Dia mundial de combate à tuberculose: conscientize-se sobre a doença que mata 4,5 mil pessoas por ano no Brasil




Apesar de ter cura, a tuberculose é a doença infecciosa que mais mata no mundo, superando a AIDS


Neste dia 24 de março é comemorado o Dia mundial de Combate á Tuberculose. Mesmo com tratamento completo oferecido pelo Sistema Único de Saúde (SUS), são registrados 70 mil novos casos por ano e aproximadamente 4,5 mil óbitos no Brasil, de acordo com o Ministério da Saúde . Toda atenção é necessária para diagnosticar a tuberculose, a doença infecciosa mais mortal do mundo segundo a Organização Mundial da Saúde (OMS). 

A tuberculose é uma inflamação bacteriana no pulmão.
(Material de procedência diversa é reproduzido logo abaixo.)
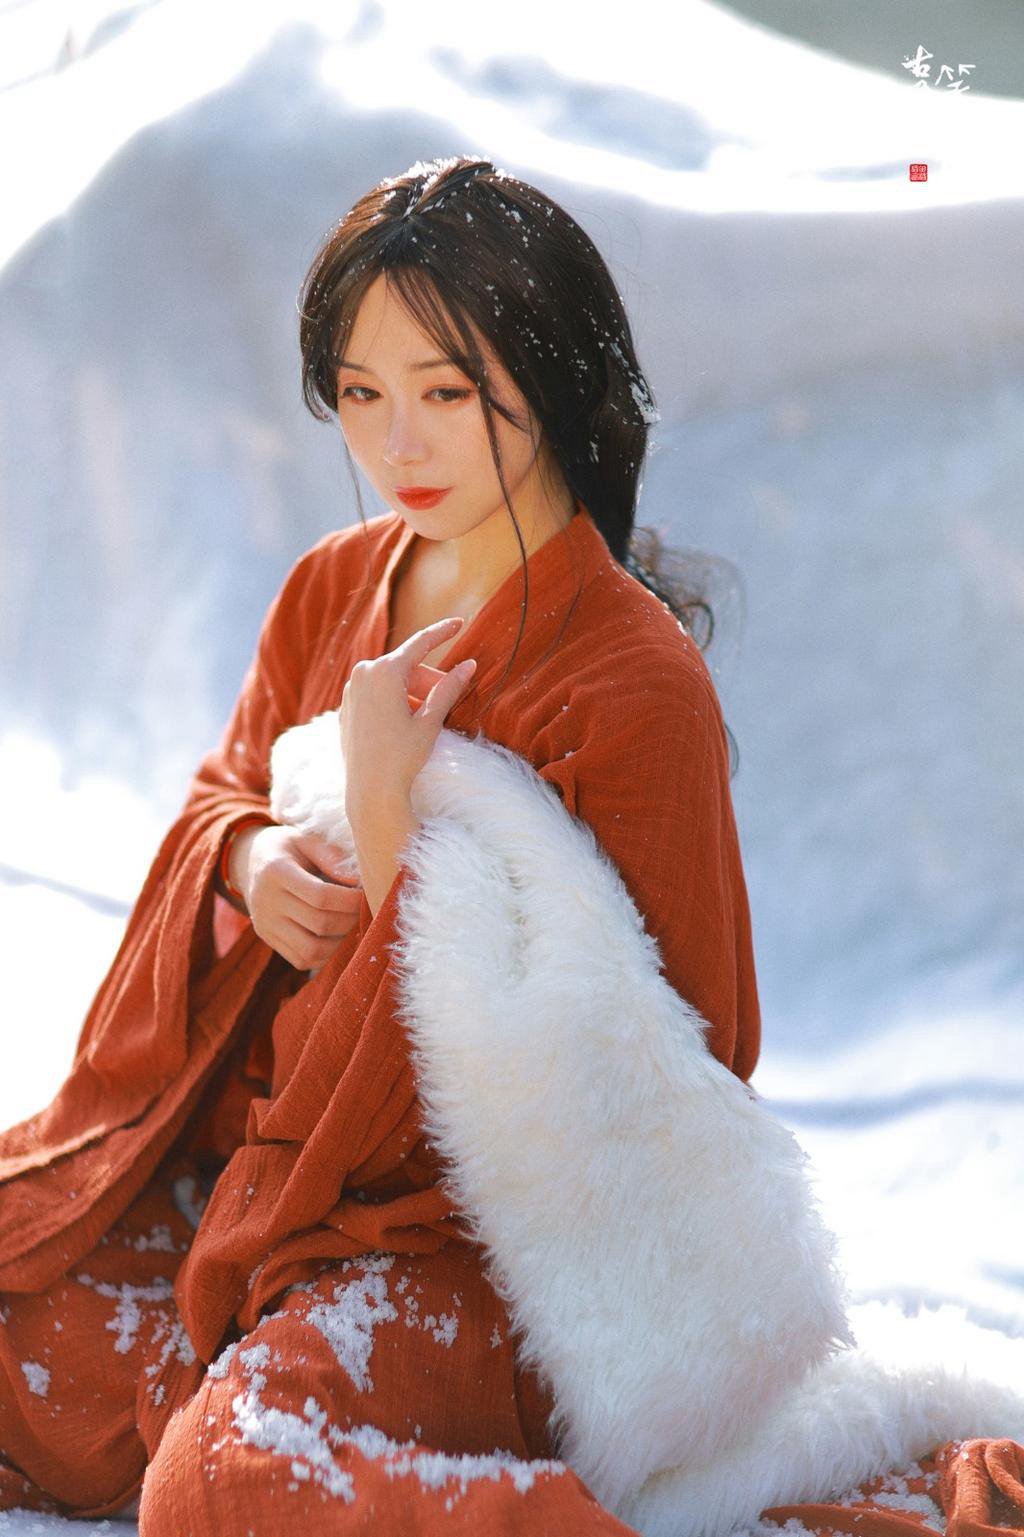 雪景中的汉服美女红妆极品身材小美女啪啪自拍图片

Tem como principais sintomas a febre constante, tosse prolongada, cansaço excessivo, falta de apetite e, nos casos mais graves, tosse com sangue e pus. Pode ser transmitida pela tosse ou até mesmo a fala de alguém infectado. Acomete principalmente os pulmões, mas também pode afetar outros órgãos como pleura e rins. 

O tratamento é longo, pode durar seis meses, mas, a depender do caso, o paciente pode apresentar melhora significativa logo nas primeiras semanas. A pneumologista da Aliança Instituto de Oncologia, Dra. Lícia Stanzani adverte que é necessário realizar o tratamento durante todo o período mesmo diante da aparente melhora, caso contrário a doença pode voltar ainda mais forte.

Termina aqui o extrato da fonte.